See also: https://github.com/geomagpy/magpy/

ciaranbe commented 3 years ago

Thanks for the analysis and comments @smithara. There has been a proliferation of codes that evaluate the IGRF coefficients, so I agree that it should be sorted out. I will take this comment to the IAGA2021 meeting and ask the interested scientists what we should do.

smithara commented 3 years ago

Another to add to the list: Kalle also recently made quite a clean implementation: https://github.com/klaundal/ppigrf

I was part of a discussion about this in the recent CEDAR meeting (slides here). Evidently, making a forwards evaluation is simple but what is lacking is the coordination. Beyond just the forwards evaluation, it would also be useful to gather together some simple utilities like coordinate conversion (geodetic/geocentric..) and an interface for field line tracing directly, etc. It should also be pure Python to avoid more complex maintenance.

We could gather together a list of desired features, and figure out how to transition to something that will fit many use cases, and be reliable and endorsed by IAGA

s-m-e commented 2 years ago

Just came across this discussion - truly wonderful title. May I add one more to the list, pyCRGI (Champ de Référence Géomagnétique International), created by myself ;) ? In all seriousness, it's a lot of implementations. This does not need to be a bad thing - competition is usually good and I like when science gets reproduced. However, what I found when I entered this arena was that few of the many implementations had been properly tested or verified. Besides, almost everyone of them had its smaller or bigger issues, anything from structure, design, speed, packaging, documentation etc. pyIGRF by zzyztyy was by far not the best, but it was (a) the one closest to IAGA's original Fortran implementation and, given the previous constraint, (b) the most "pure Python" one. So I based my work on it. I needed something I could trust, fast and verified. Had I known ppigrf - I probably would not have done it and instead added verification & test code to it. Long story short: If someone wants to coordinate, count me in.


I added a list of alternative implementations to my project.

smithara commented 8 months ago

I've also stumbled across https://github.com/mattkjames7/libinternalfield which is used as part of the JUICE mission (via https://github.com/mattkjames7/JupiterMag).
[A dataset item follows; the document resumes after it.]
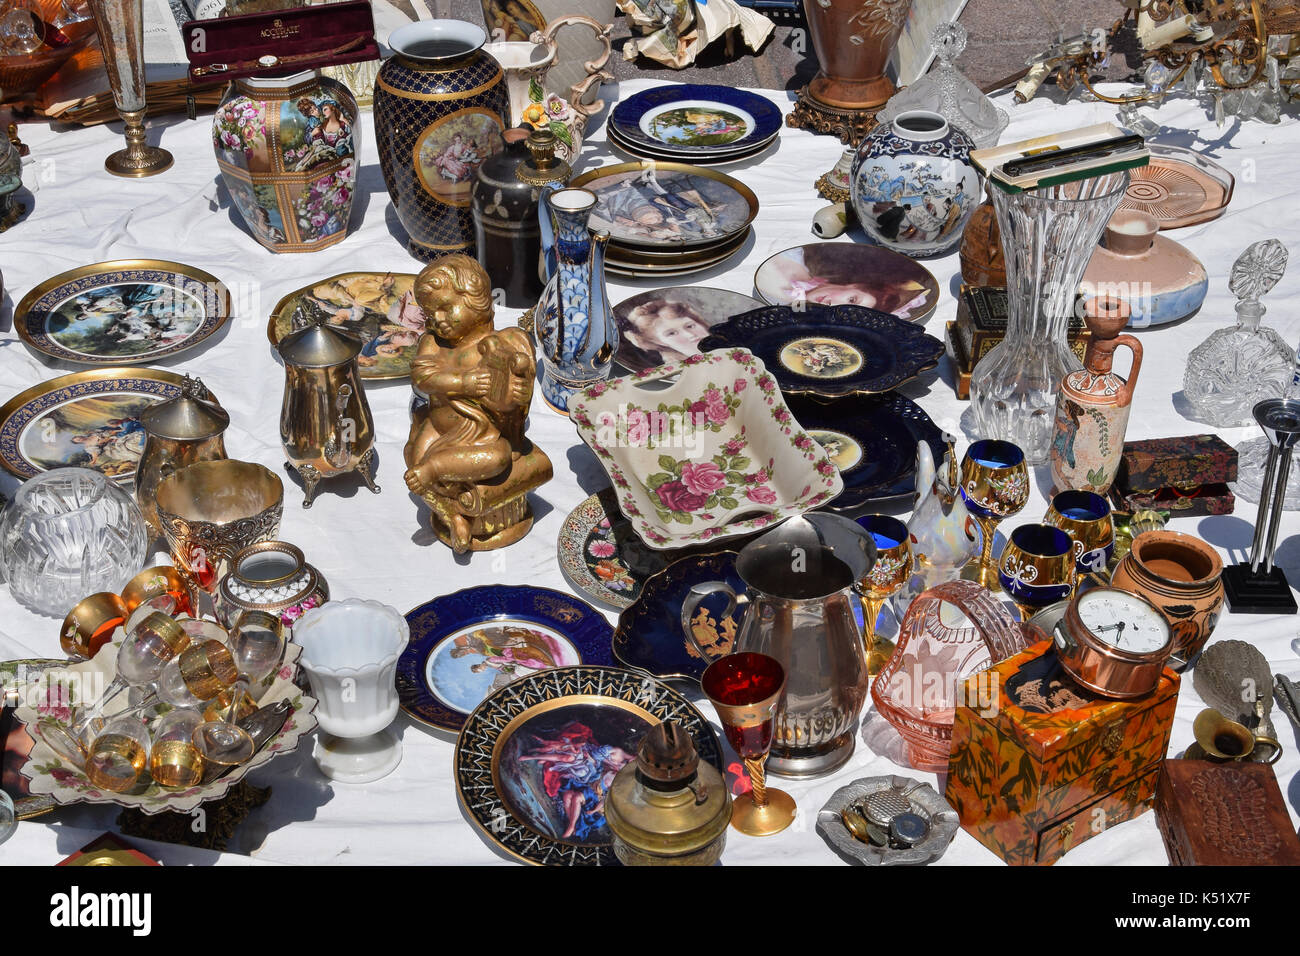 Athens, Grecia - 31 maggio 2015: vetro vintage oggetti decorativi antichi piatti di porcellana e vasi per la vendita al mercato delle pulci. Foto Stock
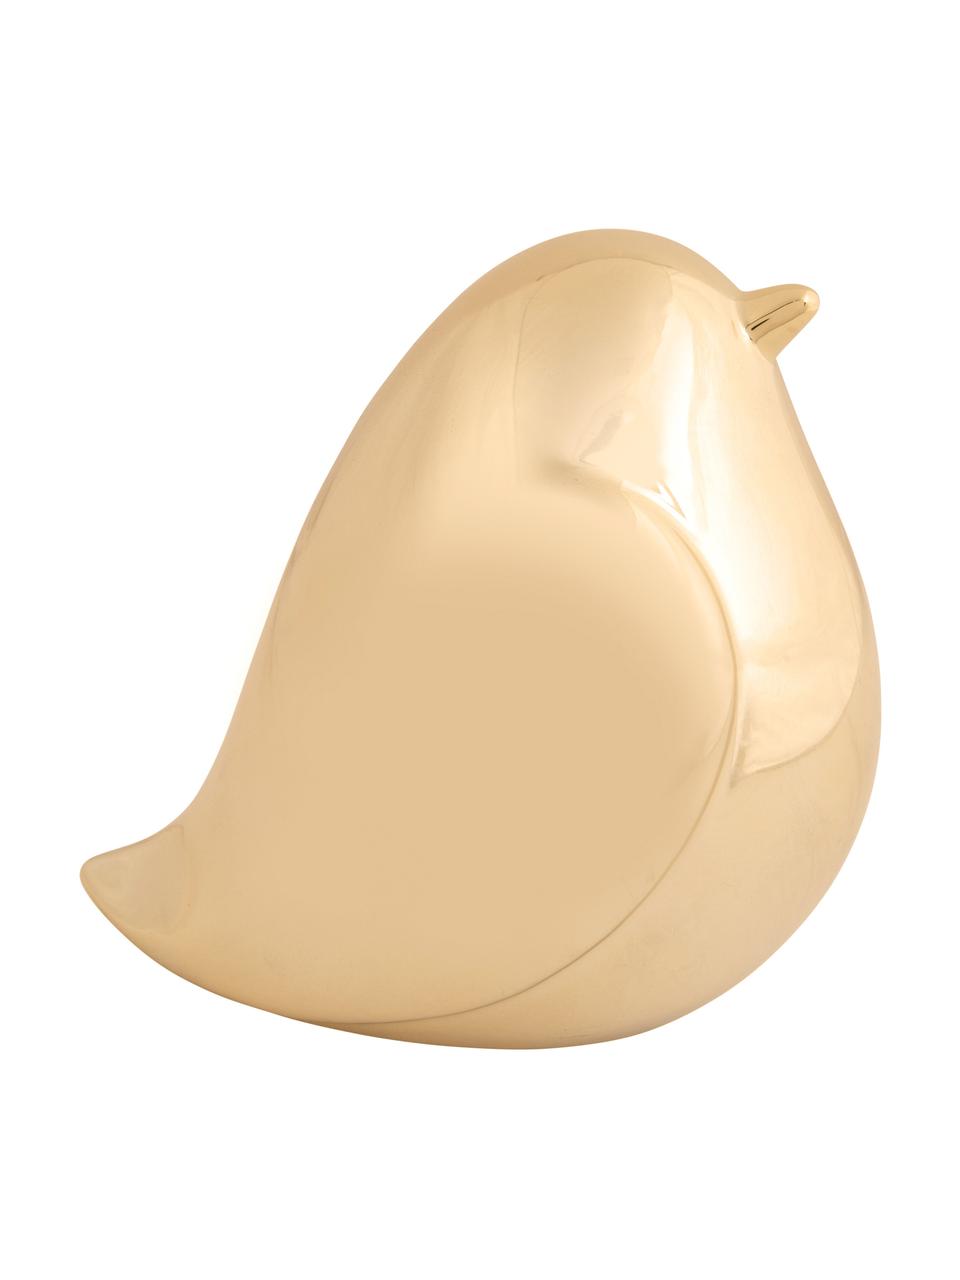 Dekoracja Fat Bird, Ceramika, Złoty, S 14 x W 14 cm

Interesting since it includes a lot of planetary field models.

Since we will be releasing the IGRF 2025 at the end of this year, we ought to get this sorted out by then. We now have the https://github.com/IAGA-VMOD org, so I'd say we should put something there for the authoritative IAGA implementation together with links to some of the other implementations (and why someone might pick one of those instead).

willjbrown88 commented 6 months ago

@smithara @ciaranbe An important point about testing and functionality that I've just come to by roundabout means - most implementations don't perform the time variation calculations, and when they do they do not always get the non-linear time variation of the H, F, I, D components correct, or the stepwise nature of IGRF time variation.

From my (probably incomplete) survey, the official Fortran and C, and this Python implementation are the only ones that calculate the time variation correctly.

The pip pyIGRF version is very commonly used as it's easy to find and install but produces incorrect SV for either side of the main field coefficient change dates (I've raised an issue for this with a fix, but haven't put a pull request together).